## Data extract
********************
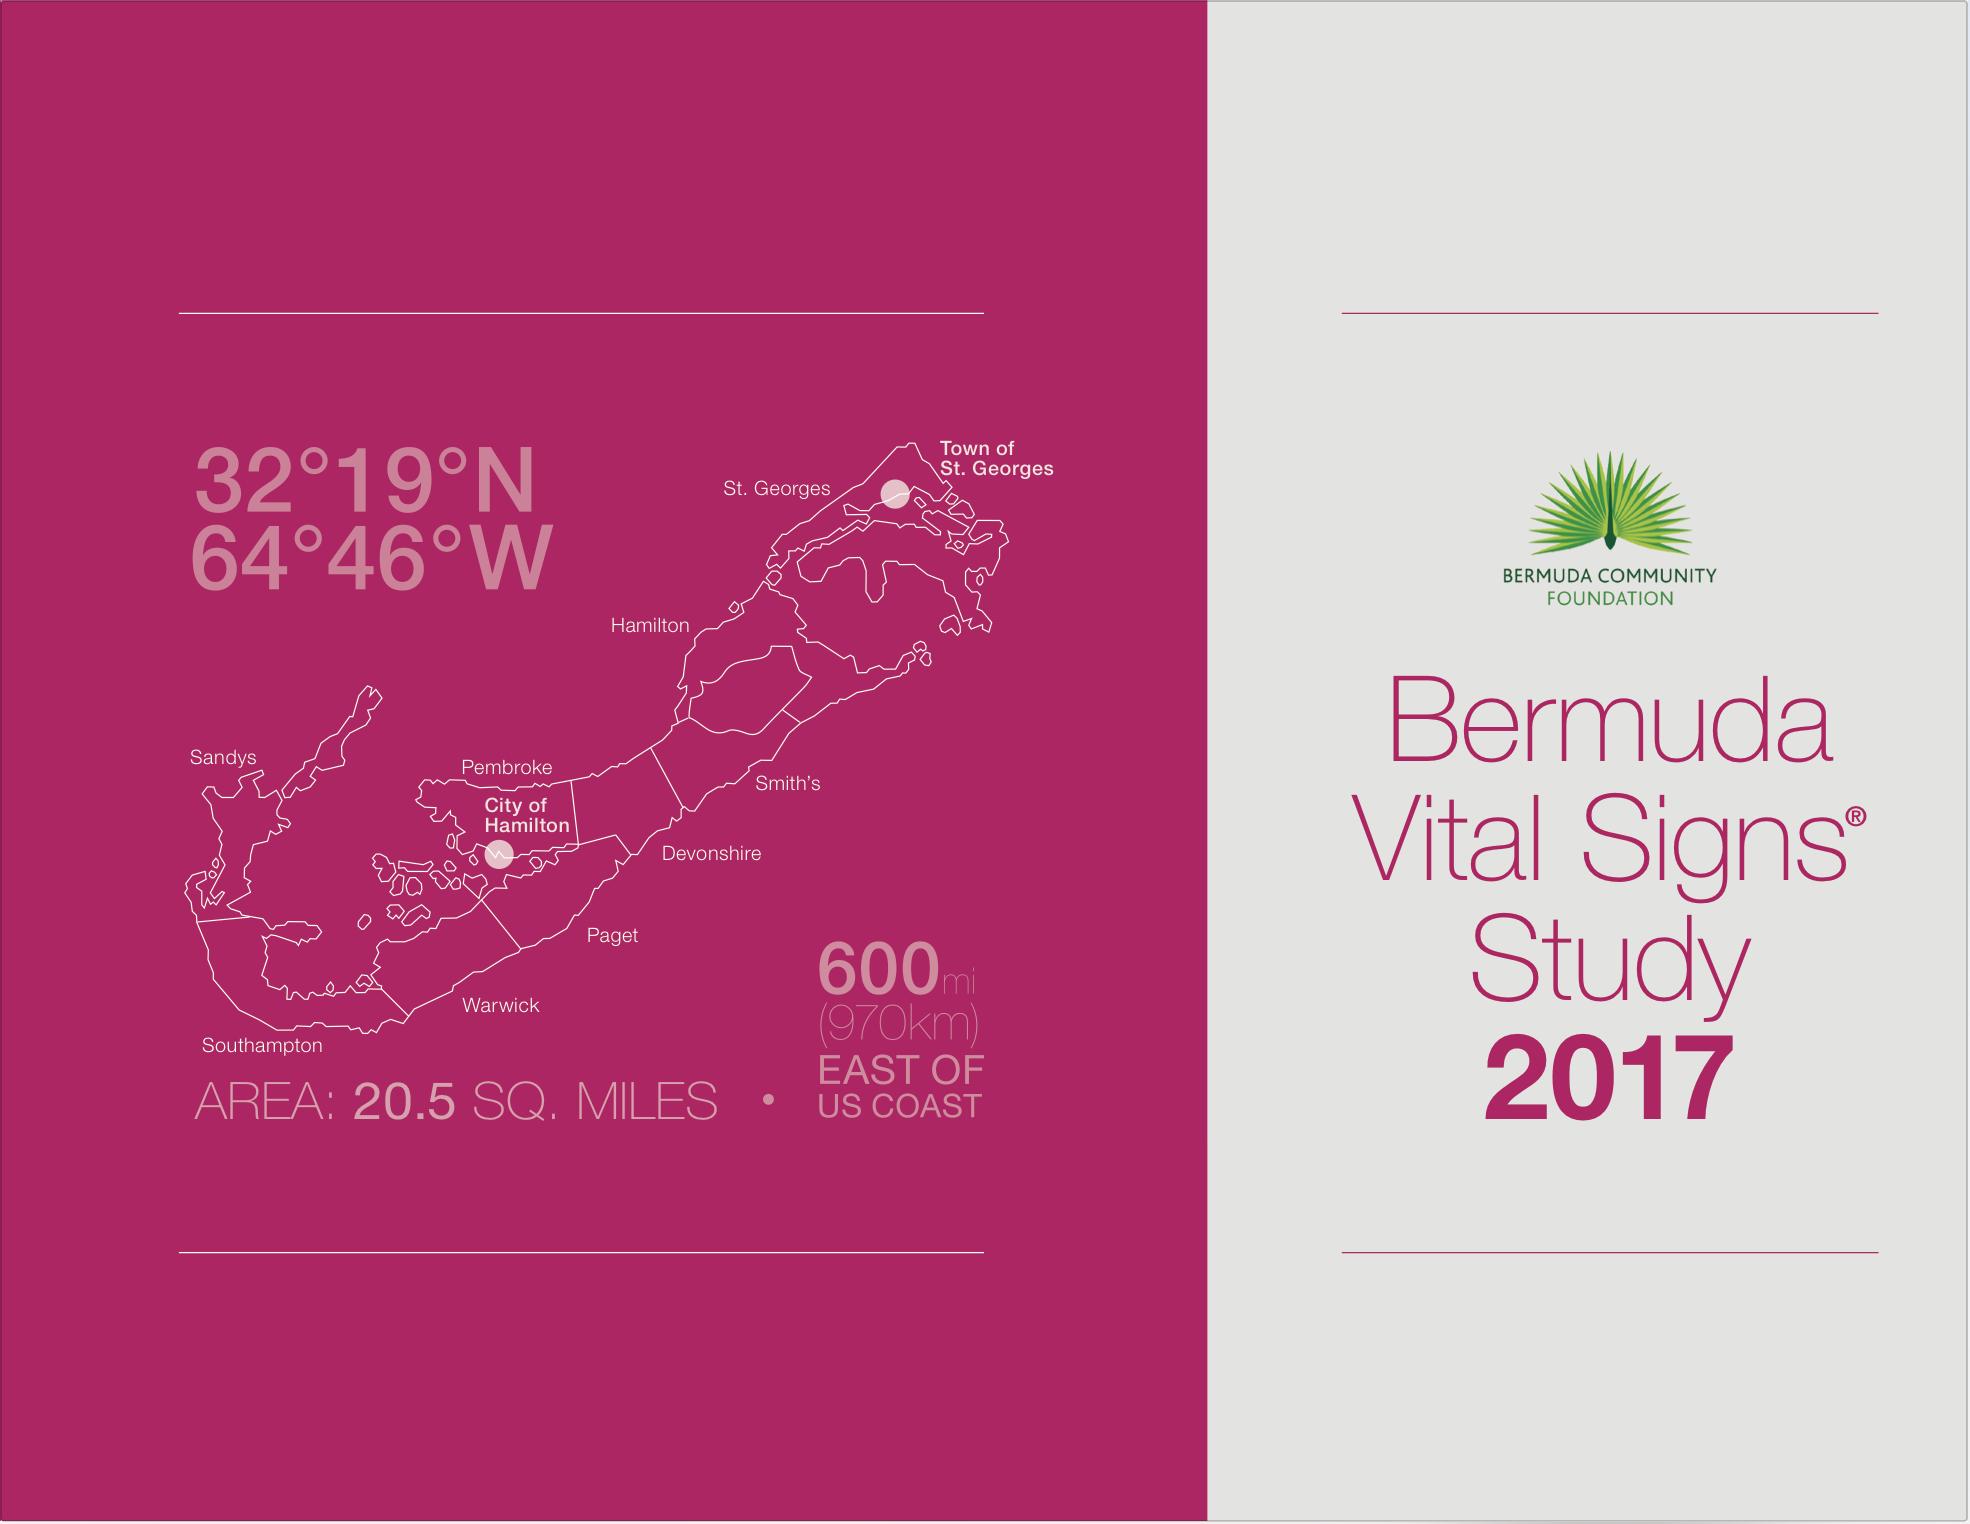 Bermuda Vital Signs Study 2017 – Media Coverage
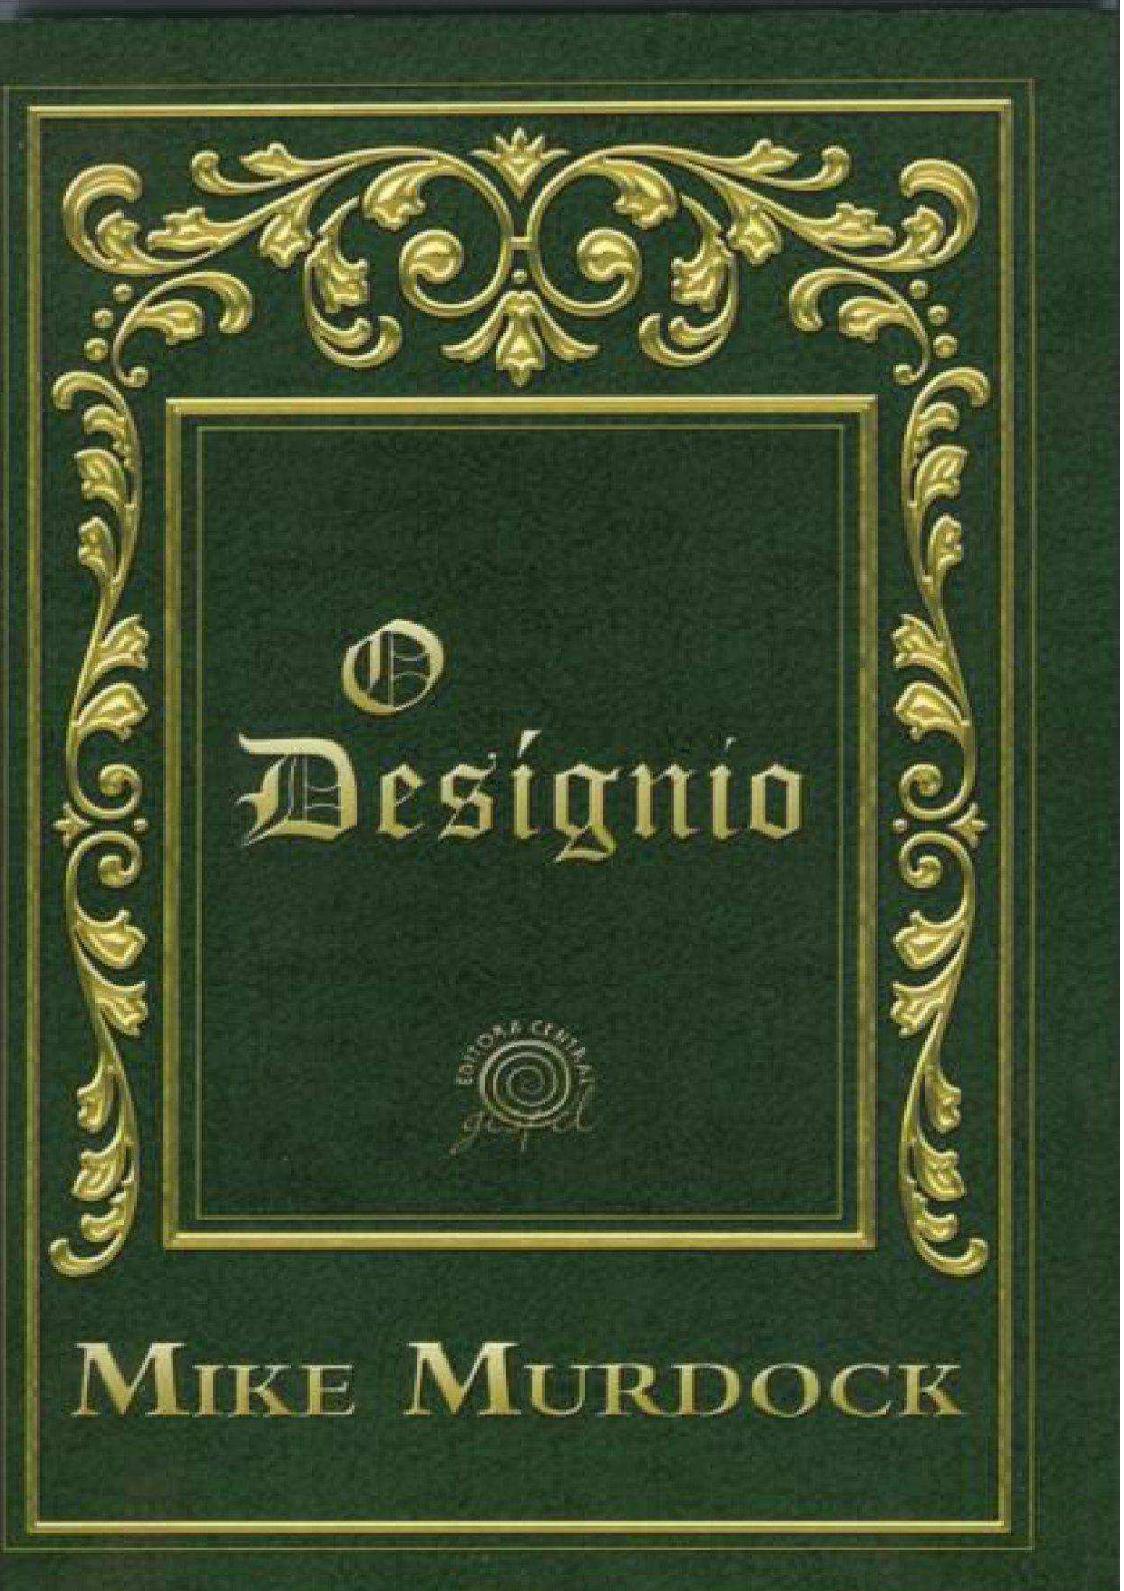 Calaméo - O DESIGNIO - Mike Murdock PDF Download
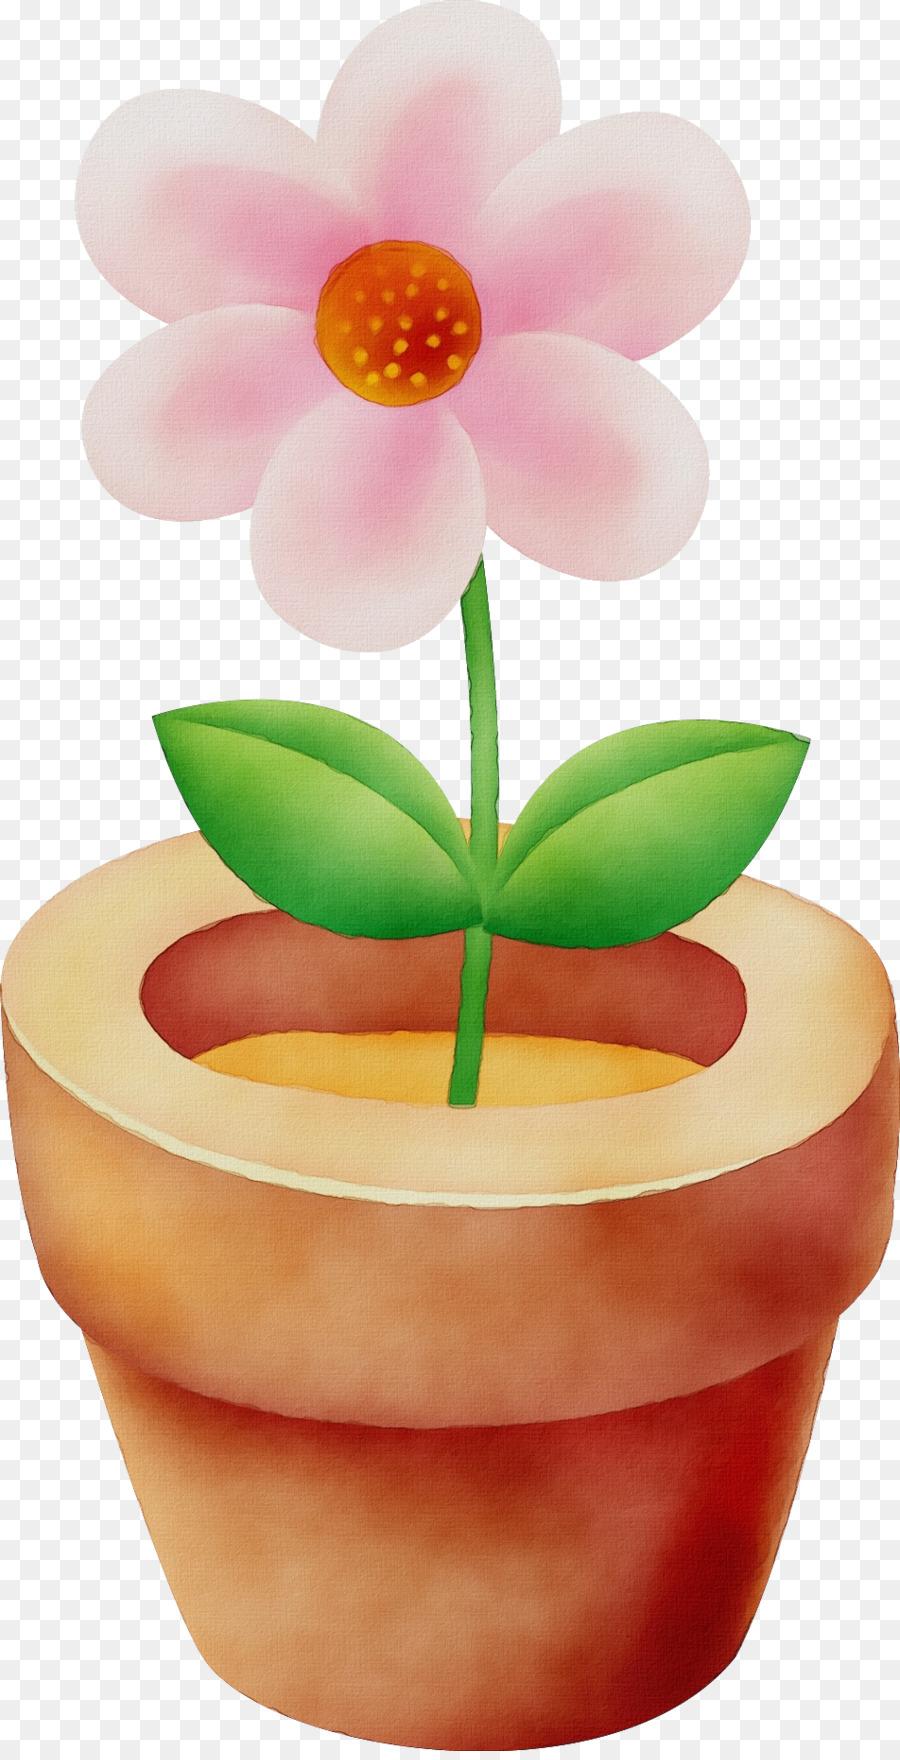 Pot Bunga Bunga Buku Mewarnai Gambar Png
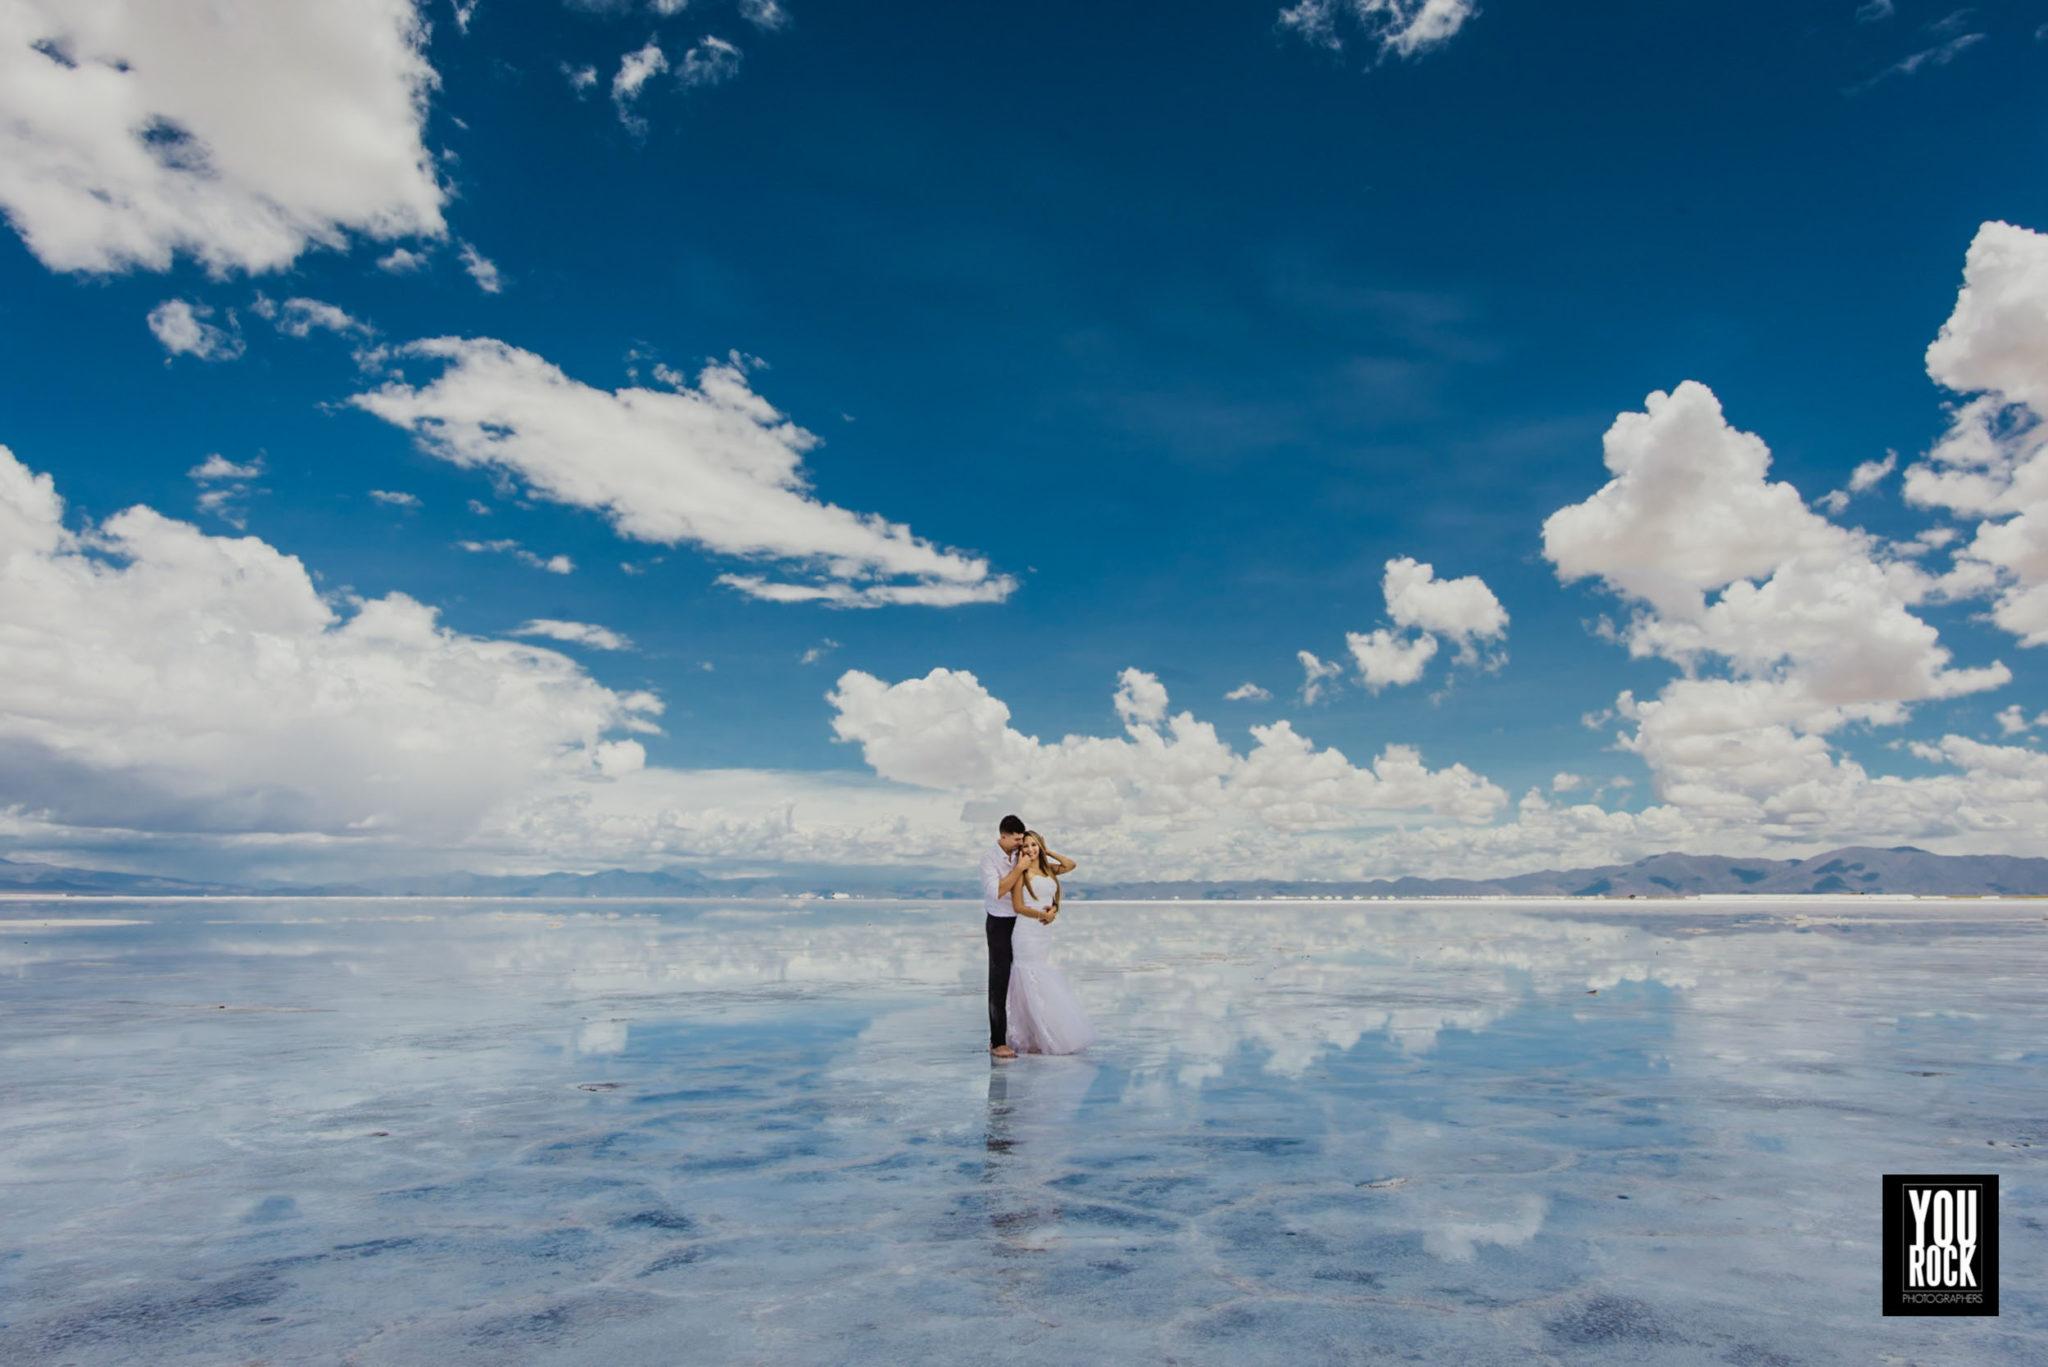 award you rock photographers - matias fernandez - phmatiasfernandez - los mejores fotógrafos de bodas
********************
## Exercise
Type out the data above once more, exactly, with no images included.

## Answer box
 Bermuda Vital Signs Study 2017 – Media Coverage
 Calaméo - O DESIGNIO - Mike Murdock PDF Download
 Pot Bunga Bunga Buku Mewarnai Gambar Png
 award you rock photographers - matias fernandez - phmatiasfernandez - los mejores fotógrafos de bodas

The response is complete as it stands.